Member of the House's Commission II on legal affairs, Ferry Mursyidan Baldan, asked the General Elections Commission to produce new ballot papers which will encourage voters to choose candidates, rather than political parties.

"What we need is the sense of voting for legislative candidates. Choosing political parties means we only maintain the closed election system," Ferry said, as quoted by Antara after a hearing with KPU members and the home affairs minister on the design of ballot papers. The hearing was conducted behind closed doors.

Article 176 of the 2008 election law says a ballot paper is considered valid if a voter marks the name, number or political party column of the paper.

If the voter marks the party column, the vote goes to the political party and will be pooled to determine the number of legislative seats it secures. If the candidate's column is marked, the vote goes to the legislative aspirant. He or she will automatically win a seat if they secure at least 30 percent of the bench-mark votes.

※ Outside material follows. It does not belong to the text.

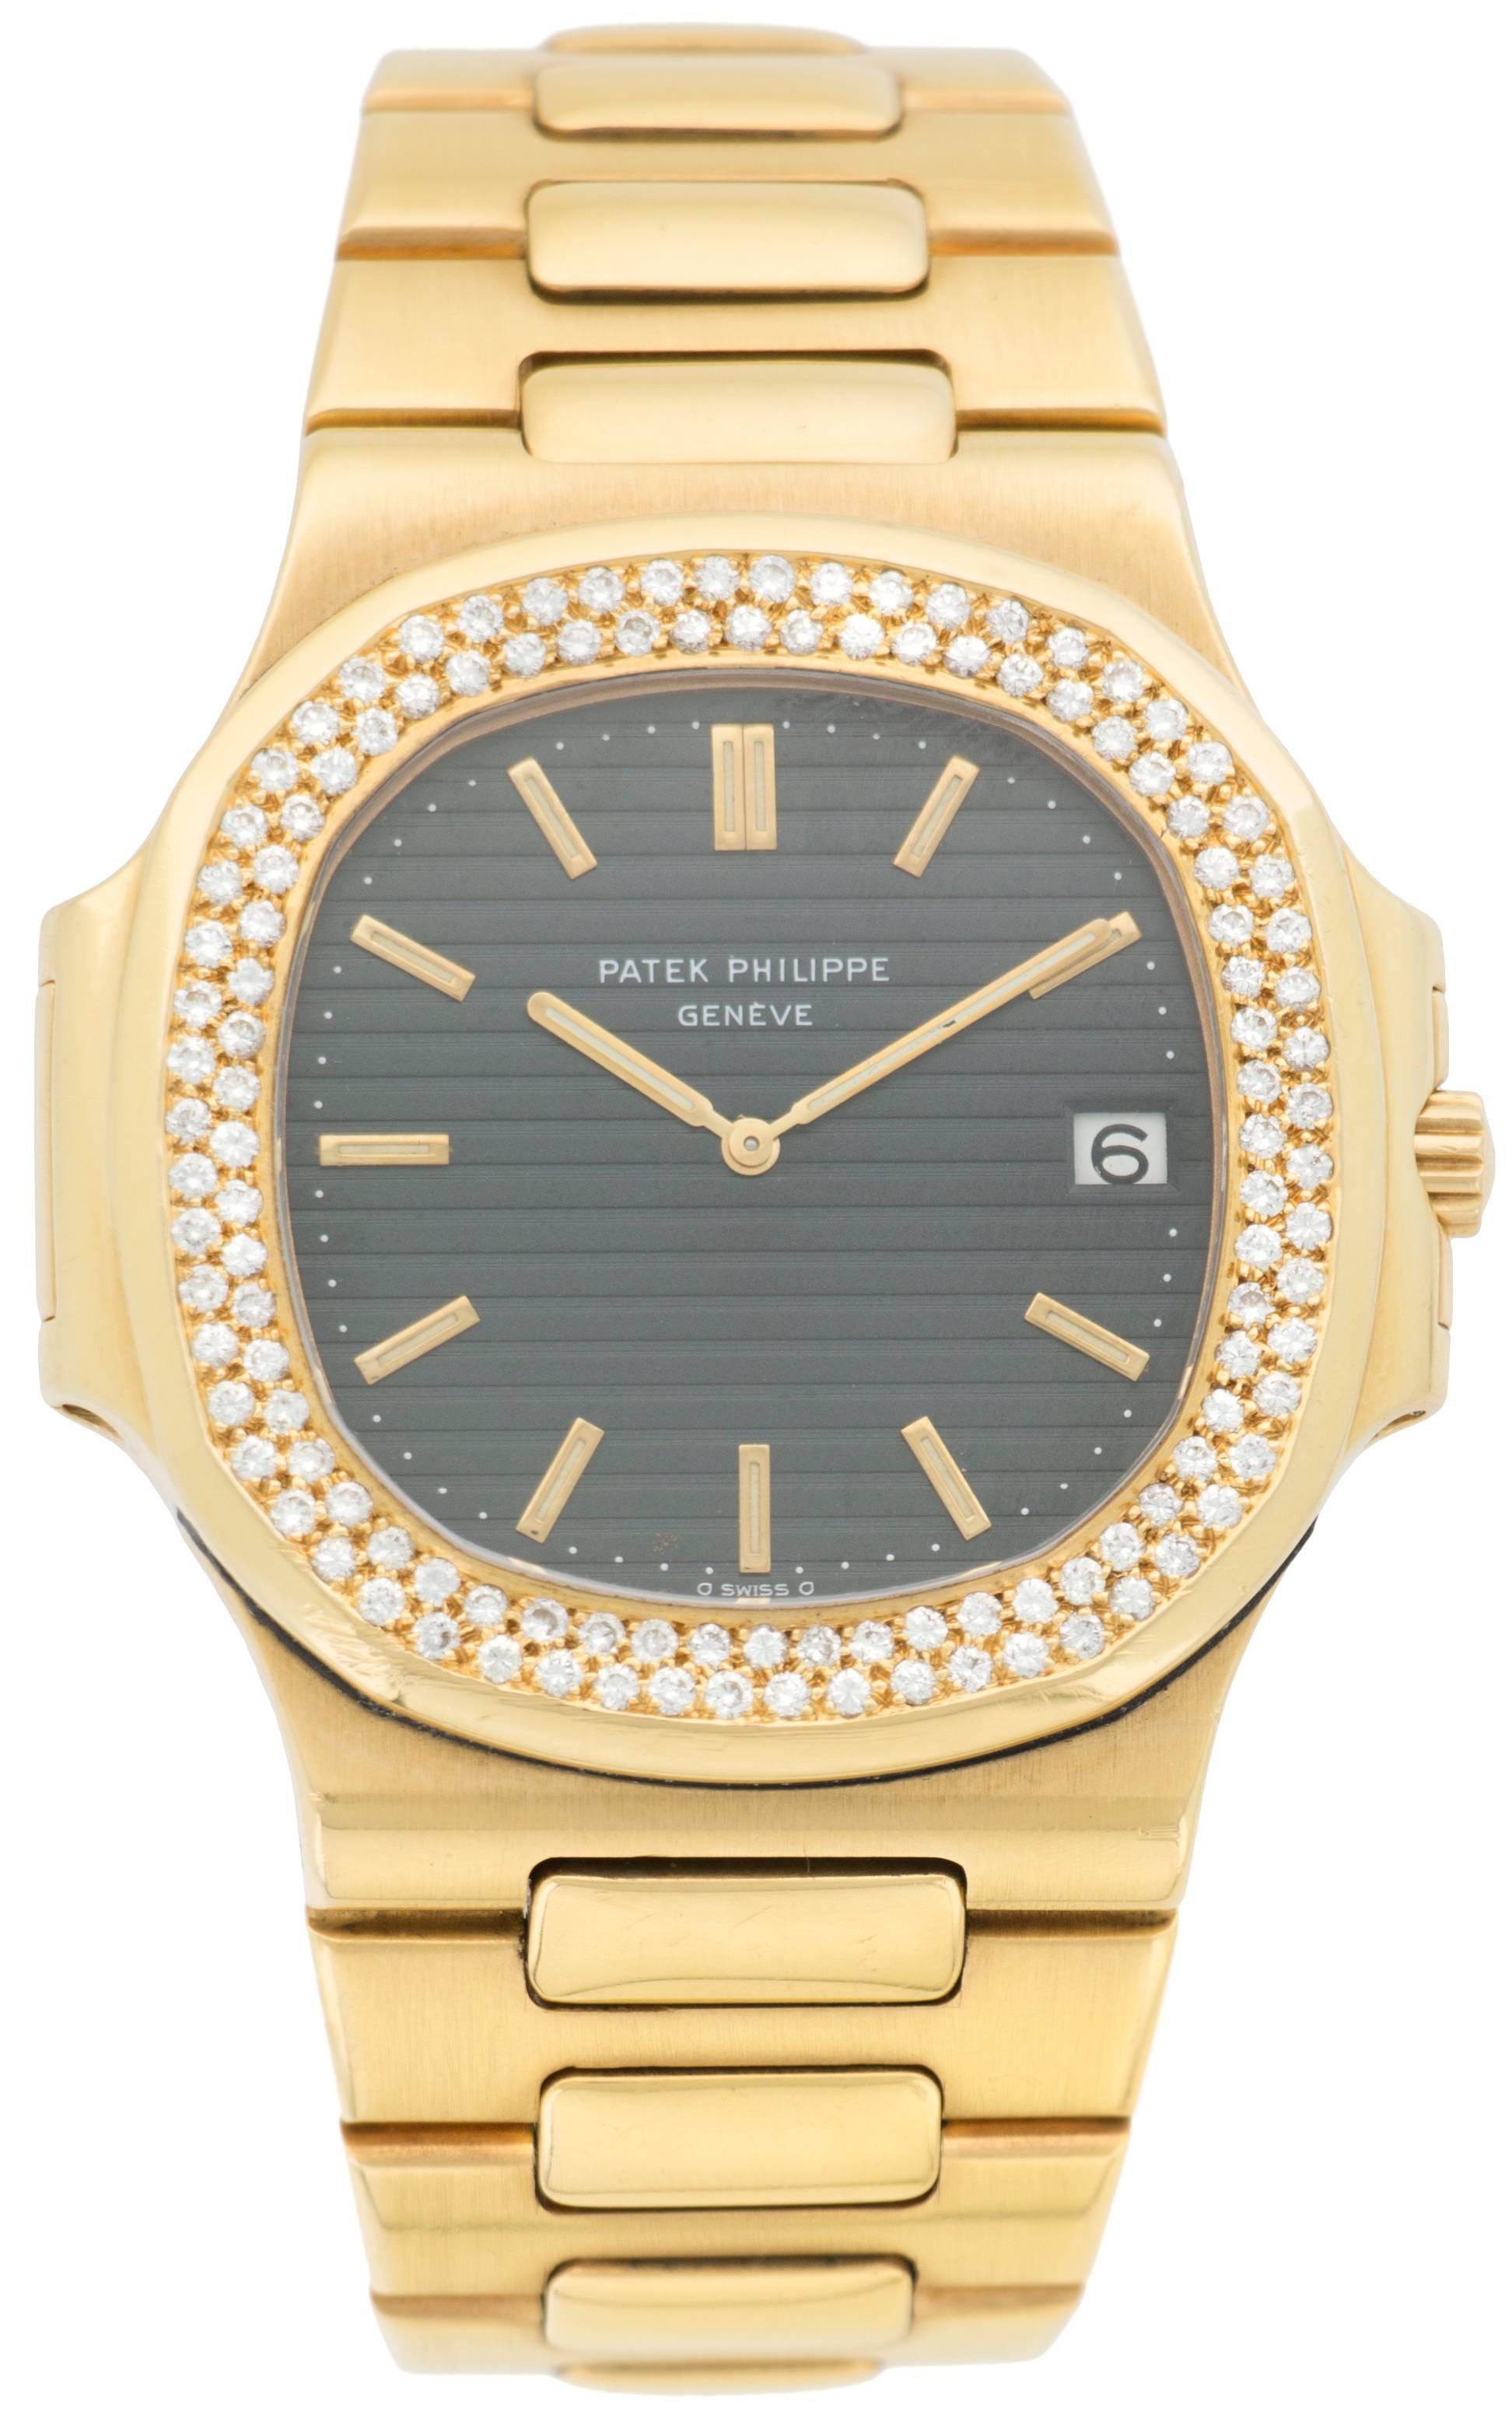 Originally released in 1976, the Patek Philippe Nautilus was one of watchmaking's most illustrious brands first "dive" into sports watches. This incredibly sleek, elegant watch become Patek Philippe's staple sports watch, well known for

The rest of the House seats will be allocated to political parties, in accordance with the volume of votes cast per party.

Major factions at the House plan to revise the election law to change the current closed election system to an open election system, for the sake of fairness. The turn-around comes amid political parties' attempts to regain public trust after a number of lawmakers have been implicated in corruption cases.

The Executive director of the Center for Electoral Reform (Cetro) Hadar Navis Gumay concurred with Ferry, saying the KPU should encourage voters to select candidates rather than parties.

He said general elections should be held to select peoples' representatives, rather than party representatives.

"If we decide to apply an open election system, voters will choose candidates. Therefore the ballot papers must be designed to enable voters to mark candidates and their numbers," Hadar said.

KPU member Andi Nurpati said the KPU had prepared three designs for ballot paper for the 2009 elections.

"We are seeking advice from the House and the government as to which design is considered to be the best. The final say, however, is with us," Nurpati said.

The KPU and the House are also deliberating the ballot markings. In previous elections, voters perforated ballot papers. Public support has increased for the KPU to ask voters to tick the ballot paper.